In closed door meetings with top California Public Utilities Commission staff, an SCE executive and an in-house lobbyist said, in effect, that Rechtschaffen doesn’t understand the dark fiber business…

Contrary to unsupported statements in [Rechtschaffen’s draft decision], a 50/50 gross revenue sharing mechanism would not provide sufficient return to justify shareholder investment. The 50/50 gross revenue sharing implies equal sharing of benefits, but ignores the incremental costs, risks, and business liabilities incurred by shareholders…

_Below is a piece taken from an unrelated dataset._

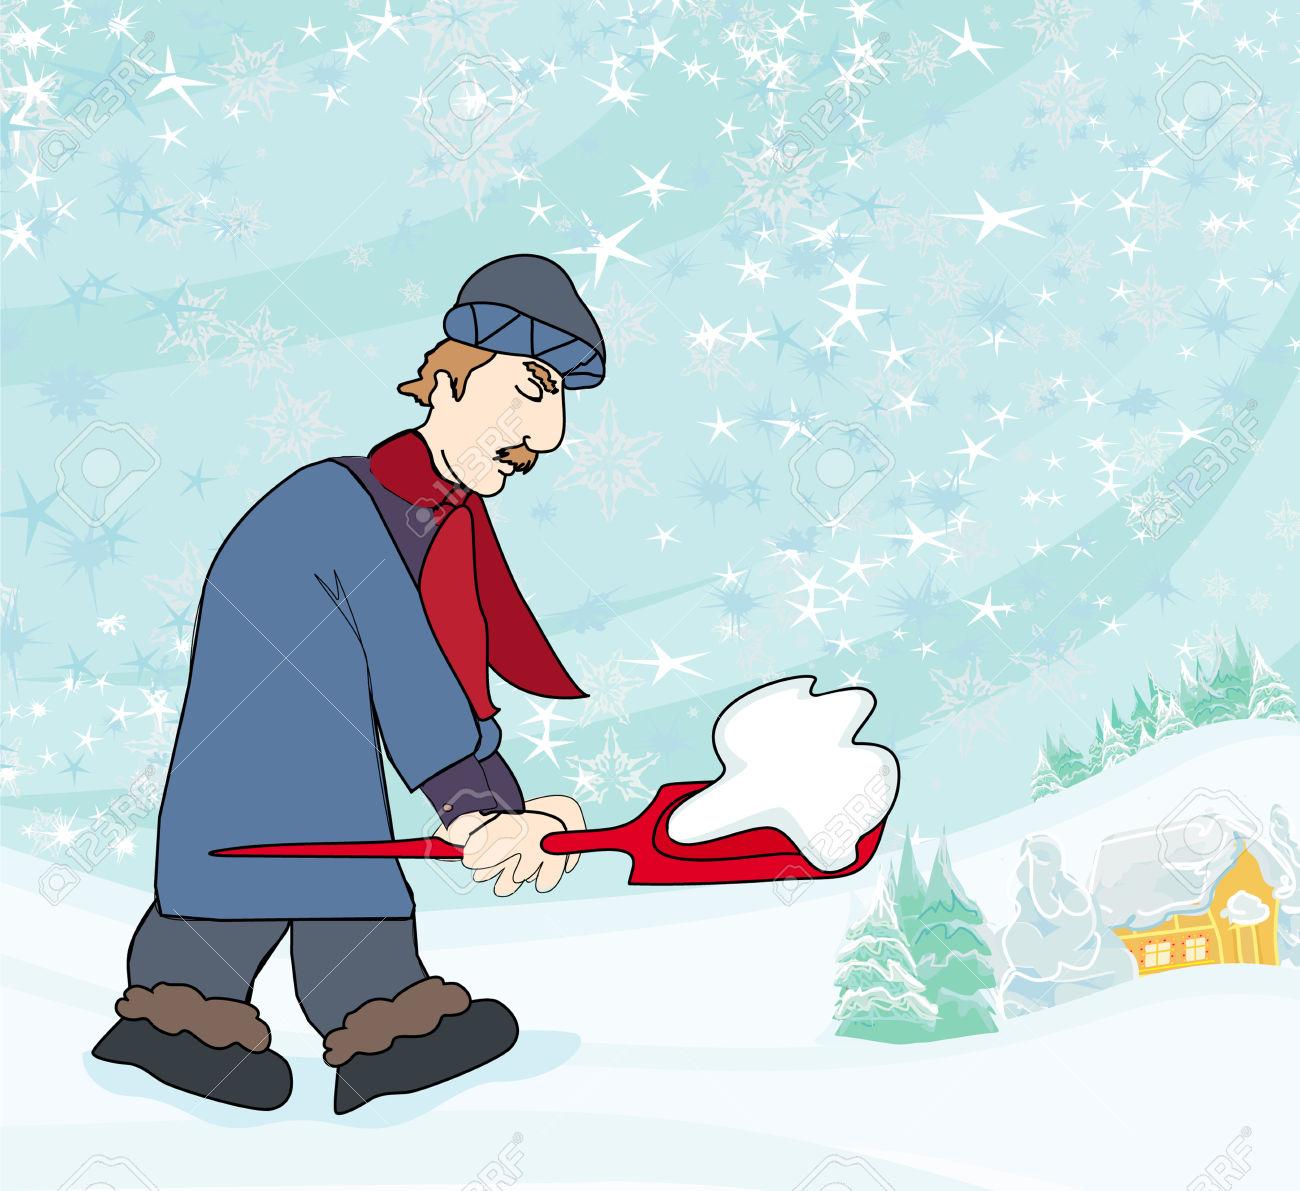 Man shoveling snow clipart.

Shareholders would have to recover all of their costs through the remaining 50%, if possible, resulting in disproportionally less or negative benefits for shareholders since customers do not incur any incremental costs. There is no evidence in the record that the 50/50 split is an economically viable mechanism to justify shareholder investment.

Both SCE and the Utility Reform Network (TURN), a non-profit organisation that claims to speak for consumers, filed longer written comments about Rechtschaffen’s draft.

TURN shows a similar lack of understanding about telecoms. It argues that SCE’s dark fiber business should micromanaged by the CPUC, similar to the way privately-owned electric utilities are regulated.

That’s nonsense. Electric utilities are monopolies that provide an essential service, and it is rational to regulate them as such. Independent dark fiber companies have to make their living competing against unregulated, monopoly business model telephone companies. Micromanaging one of the few remaining competitive sources of dark fiber in California, while ignoring, if not actively assisting, monopoly telcos is perverse.

Californian consumers need fast and affordable broadband service every bit as much as they need electricity. Thinking that cutting them in on more of SCE’s fiber revenue will be a benefit to them is pure fantasy. SCE put it correctly and succinctly in its comments: “the ‘interests of ratepayers’ are better served by 10% of gross revenues than by 50% of zero”.